You write that for ordinary citizens on the losing end, “austerity meant not only not only budget cuts but a political mood of bleak hopelessness.” What did the fallout of the fiscal crisis mean for ordinary people, for political engagement, and hope for the future?
In 1970s New York, there was a very visceral sense of seeing these local institutions threatened with closure. It’s not just the city budget, but it is your children’s school, your park, your local library. Whether or not the street lights are on, what the bridges are like, what the roads feel like. The budget actually creates the social world of the city and, in a very direct and personal way, what it is like to live in a particular place.

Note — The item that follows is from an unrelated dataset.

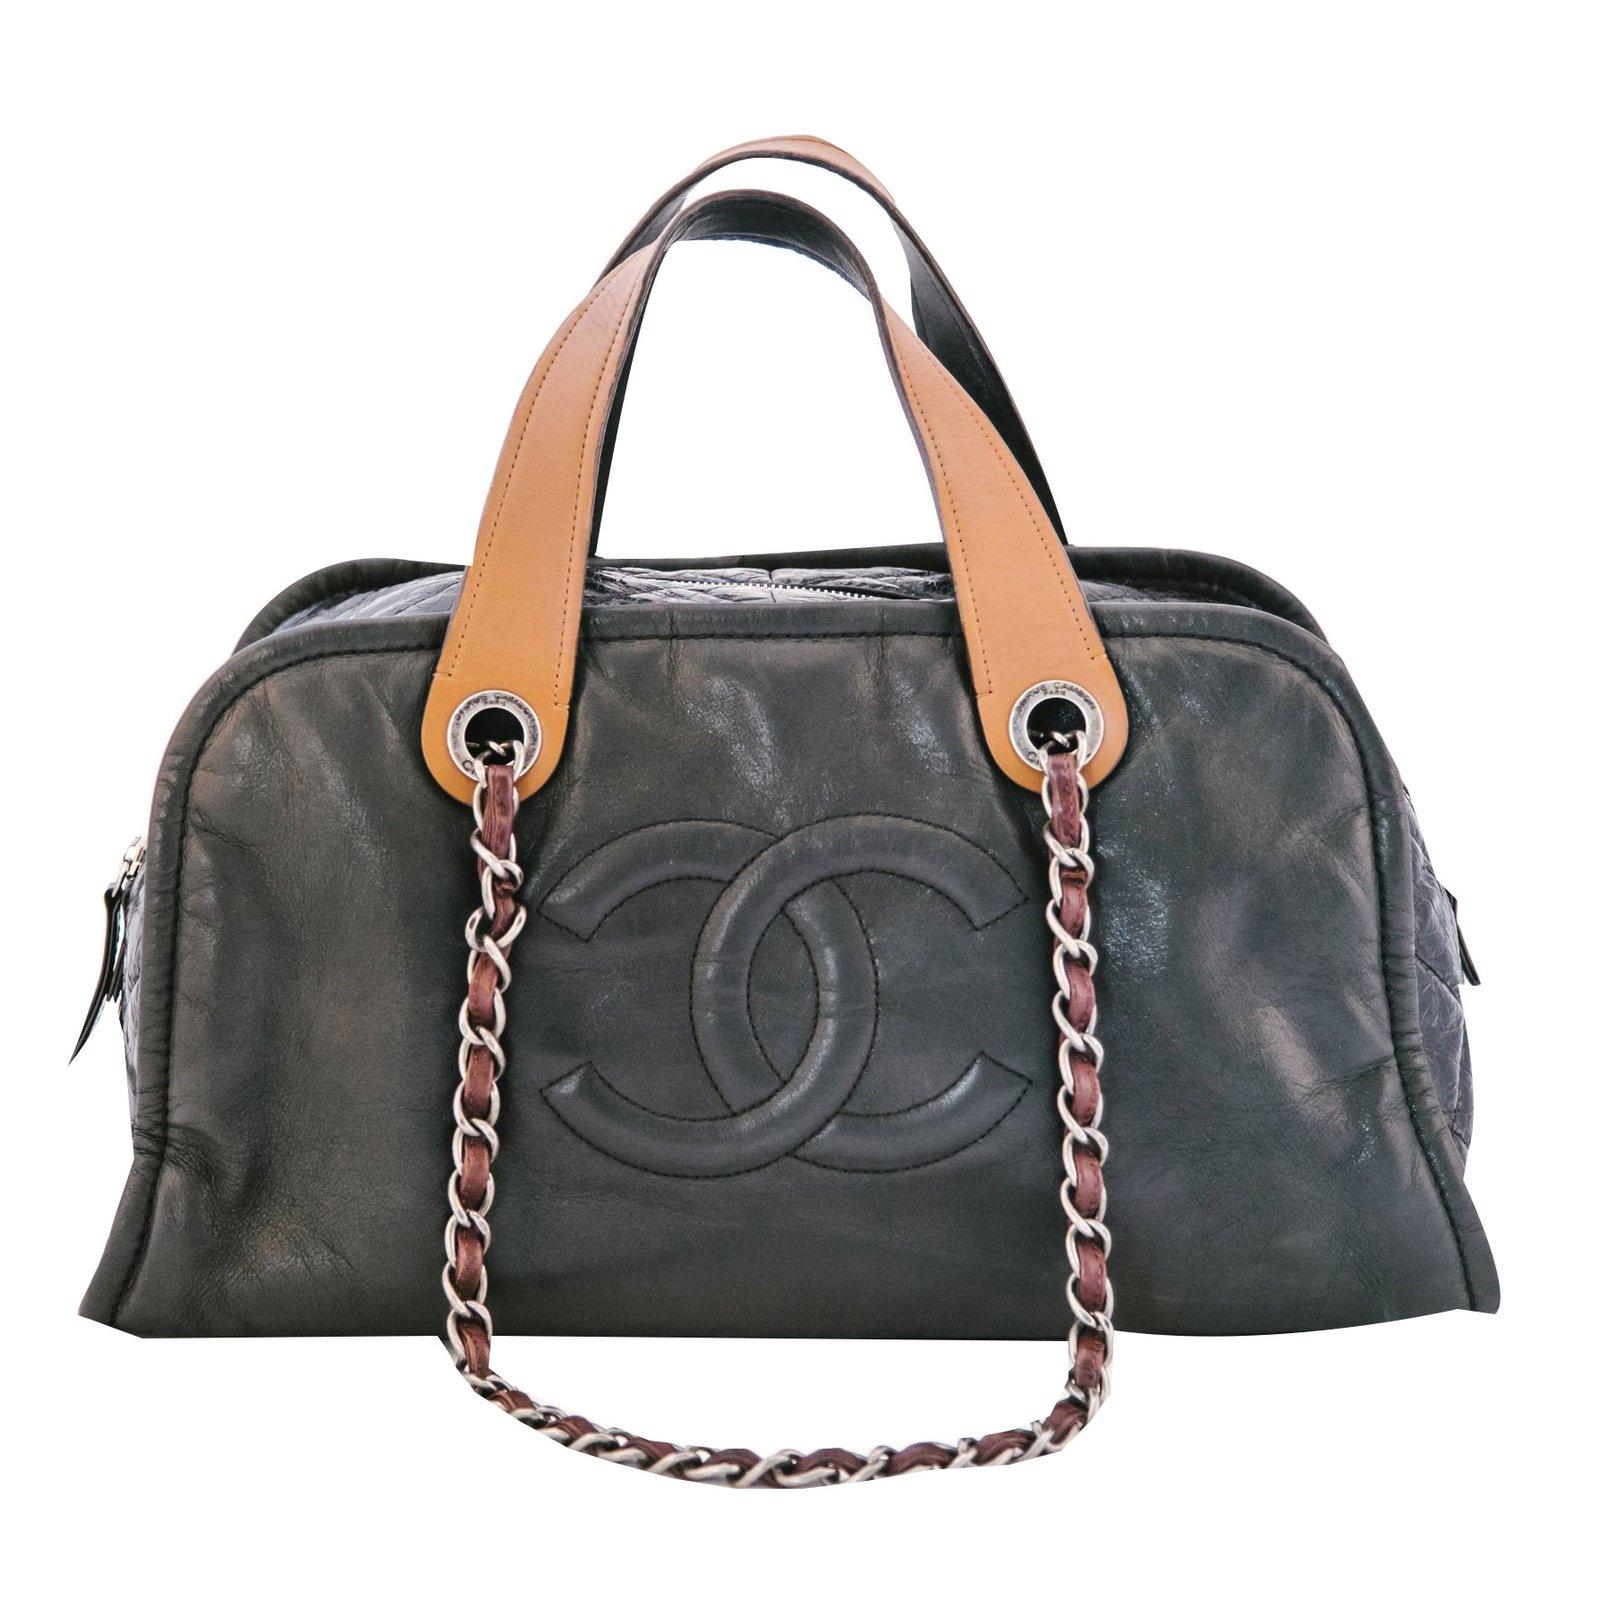 Chanel Bowling Bag Handbags Leather Black Ref 69815

The more money you have, the more you can insulate yourself from that. You can buy a house with a backyard, you can go to private school, you can take a car instead of the train. With money you can separate yourself from the public sphere. But the less money you have, the more that is your world.
I started working on Fear City right before my daughter was born and I was acutely aware of how much the experience of our family was shaped by the public resources around us. By being able to go to the park, by being able to go to story hour at the library, by being able to go to the public school in our neighbourhood. These are the sinews of our lives.
During the 1970s, what was shocking to people in New York was that this was happening when poverty in the city is rising, when the homicide rate is climbing, in the middle of an arson wave – this is the moment when firehouses are being closed. There was something shocking about the withdrawal of resources in that context There’s a feeling of bewilderment, confusion,and ultimately apathy, that nothing you do matters. We’ll see how it plays out today. My fear is that the withdrawal of resources, especially at this moment of political and social crisis, could lead to resignation and rage that doesn’t have anywhere to go.
What lessons would you hope readers today might take from your book?
People really responded to the portrait of social democratic New York in the beginning of my book, the sense of what the city was like in the postwar years. The sense of hope around the vision of a more egalitarian city life, the role of the public sector, and of collective action in bringing that about.
Once those kinds of institutions are created, they don’t just disappear. They’re actually very difficult to fully dismantle. Even though there’s tuition at CUNY now, it still does exist and it’s a powerful educational institution and resource for the city. There’s a lesson, going back to the beginning of our conversation, that cities and governments can actually create places that are better for people to live in.
Fear City told part of the story of the rise of the present order, and it may be in some ways that we’re now living on the other side of that. Perhaps the crisis can reshape people’s ideas and lead to a different kind of future. It’s far too early to say how things will go. You could also imagine really negative outcomes, and imagine the politics of the country taking very scary directions.